MyString5 = “John Potts”

=> warning: already initialized constant MyString5

but not in this one: the constant gets “corrupted”.

e) String constant 2

MyString6 = “Fred Winterbotham”
myString7 = MyString6

myString7[0,4] = “Bert”

=> MyString6 = “Bert Winterbotham”
=> myString7 = “Bert Winterbotham”

So how to get around this? The following appears to do it:

f) String constant 3

MyString8 = “Fred Shufflebotham”
myString9 = MyString8.clone

myString9[0,4] = “Bert”

=> MyString8 = “Fred Shufflebotham”
=> myString9 = “Bert Shufflebotham”

but doesn’t it cause a memory leak?

Sorry if this question is too elementary.

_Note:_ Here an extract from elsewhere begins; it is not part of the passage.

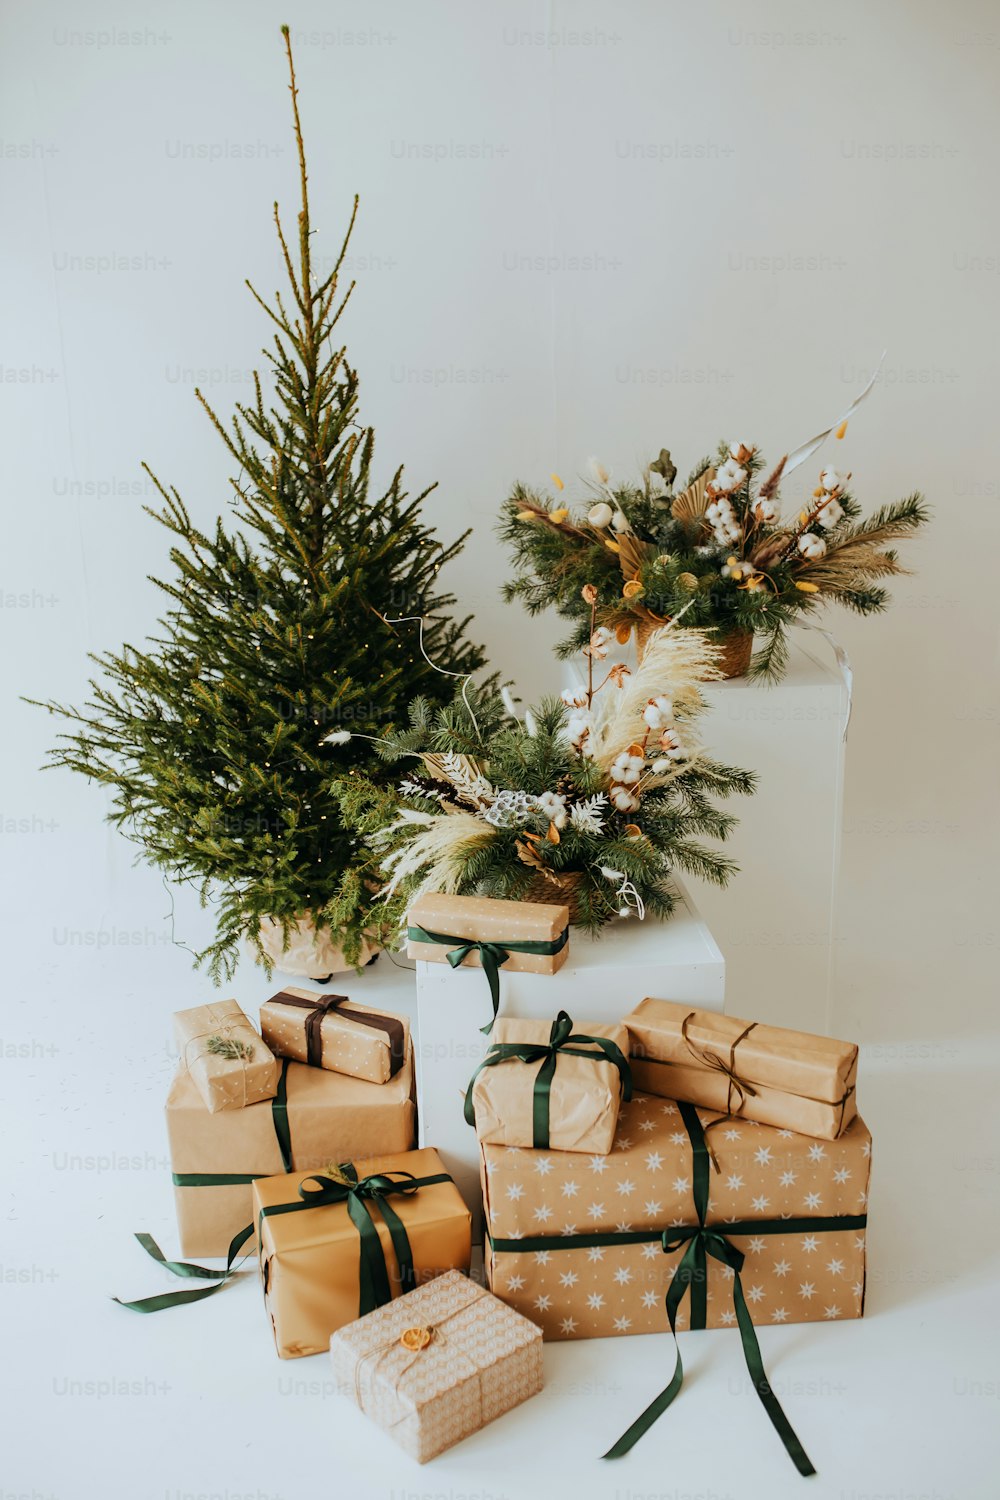 Un grupo de regalos envueltos sentados junto a un árbol de Navidad

On Sat, Dec 22, 2012 at 5:15 PM, Paul M. [email protected]
wrote:

a) Number

myString3 has been “corrupted”, presumably because setting myString4 to
it actually set myString4’s pointer, not its value, in the standard OO
fashion.

In Ruby parlance, it’s a reference; but essentially correct.

puts "Fred Bloggs = " + “Fred Bloggs”
puts "myString2 = " + myString2

(Output)

=> Fred Bloggs = Fred Bloggs
=> myString2 = Bert Bloggs

Has the “Fred Bloggs” literal not been corrupted? Or did puts just use
another (uncorrupted) instance of it?

A literal can’t be changed. Conceptually at least, every time you have
“Fred
Bloggs” in quotes, you’re referring to a different object.

=> myString7 = “Bert Winterbotham”
Yes. Note that a “constant” in Ruby is something that will trigger a
warning
if it’s modified, but it’s still possible to modify it. A reference to a
constant works the same as a reference to a non-constant object.

=> MyString8 = “Fred Shufflebotham”
=> myString9 = “Bert Shufflebotham”

but doesn’t it cause a memory leak?

Well, the memory used by those objects will stay allocated as long as
the
garbage collector can reach them somehow, i.e. there are variables that
point
to them or they belong to a collection like an array or hash.

On Sat, Dec 22, 2012 at 5:15 PM, Paul M. [email protected]
wrote:

So far am very impressed with it; but there is one behaviour I find
quite alarming, which stems from the fact that Ruby treats strings as
objects rather than as primitives.

Better get used to it. Ruby treats everything as an object, or
perhaps even more literally, a reference.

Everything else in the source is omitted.